====== THE DATA

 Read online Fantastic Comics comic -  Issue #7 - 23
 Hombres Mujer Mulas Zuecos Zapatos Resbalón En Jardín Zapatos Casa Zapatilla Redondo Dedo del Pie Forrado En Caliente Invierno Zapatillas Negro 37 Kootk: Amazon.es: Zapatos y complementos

============
====== THE DATA

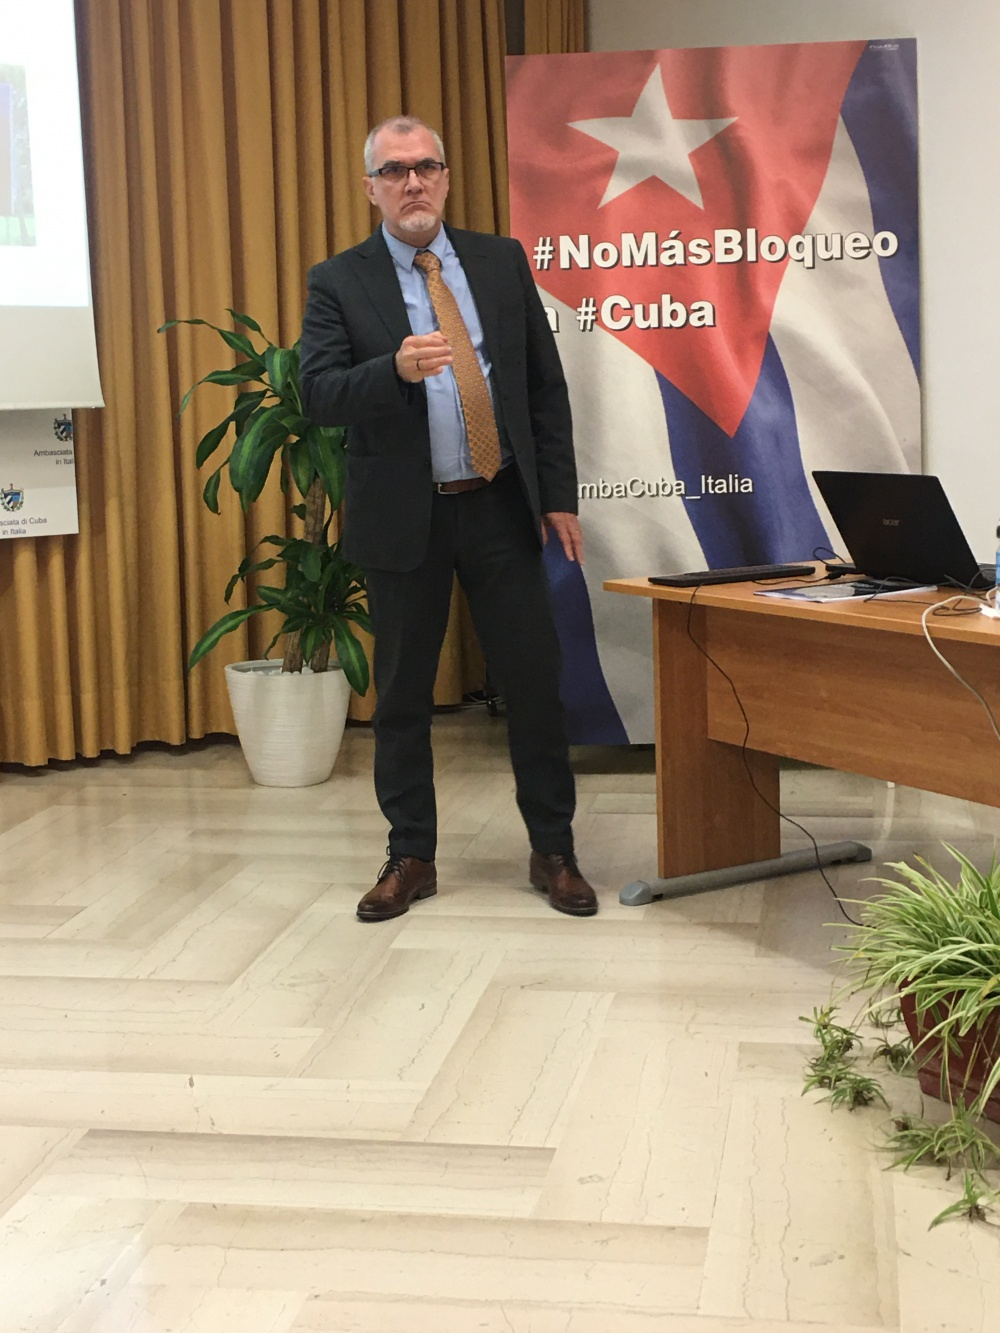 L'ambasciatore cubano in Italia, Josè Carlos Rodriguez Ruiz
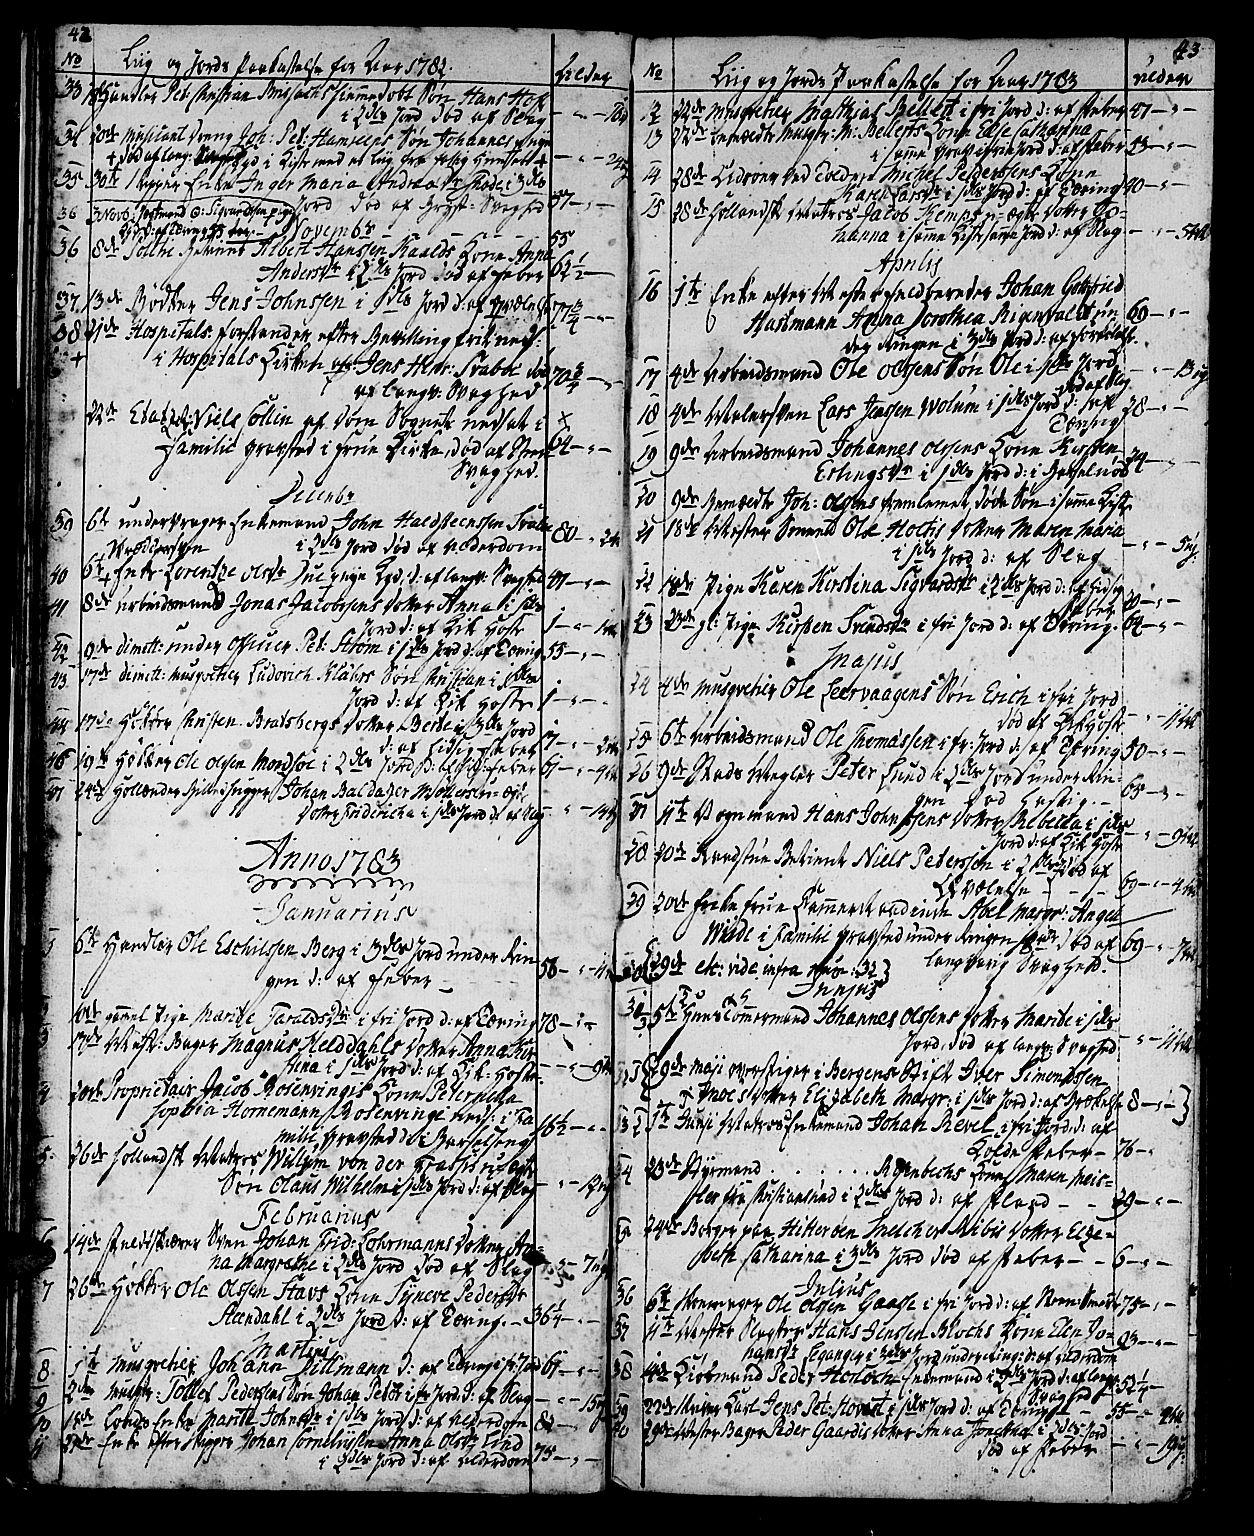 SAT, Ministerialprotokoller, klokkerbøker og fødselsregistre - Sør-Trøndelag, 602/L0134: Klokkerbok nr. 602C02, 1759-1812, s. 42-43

============

» **YOUR OBJECTIVE**: Give back exactly the lines above, from the line containing "Read online Fantastic" through the line containing "Hombres Mujer Mulas", with both end lines and nothing more.

» **RESPONSE TO THE EXERCISE**:
 Read online Fantastic Comics comic -  Issue #7 - 23
 Hombres Mujer Mulas Zuecos Zapatos Resbalón En Jardín Zapatos Casa Zapatilla Redondo Dedo del Pie Forrado En Caliente Invierno Zapatillas Negro 37 Kootk: Amazon.es: Zapatos y complementos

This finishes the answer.